Он повернулся.
— Я пришлю партитуру, — бросил он через плечо. — Учите.
Он вышел и захлопнул за собой дверь.
Джейн присела к столу, невидящими глазами глядя в стену. Пришел ее шанс. Она тихо прошептала: «Боюсь».
3
Всю неделю Вернон обдумывал вопрос, надо или нет ловить Джейн на слове. Он мог бы подъехать в город в конце недели — а вдруг ее не будет дома? Он испытывал неуверенность и смущение. Может, она уже забыла, что приглашала его?

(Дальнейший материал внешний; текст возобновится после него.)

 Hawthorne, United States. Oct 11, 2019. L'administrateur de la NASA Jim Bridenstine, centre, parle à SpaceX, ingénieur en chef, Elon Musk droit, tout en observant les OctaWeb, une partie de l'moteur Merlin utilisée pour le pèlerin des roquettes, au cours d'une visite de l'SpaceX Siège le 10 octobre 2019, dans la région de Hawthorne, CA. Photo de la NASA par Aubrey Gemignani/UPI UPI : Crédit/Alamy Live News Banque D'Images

Эти выходные он пропустил. Убедил себя, что она уже забыла о нем. А потом получил письмо от Джо, где та упоминала, что дважды виделась с Джейн. Это решило вопрос. В следующую субботу в шесть часов Вернон позвонил в дверь квартиры Джейн.
Джейн открыла сама. Когда она разглядела, кто перед ней, глаза ее округлились, но она не высказала удивления.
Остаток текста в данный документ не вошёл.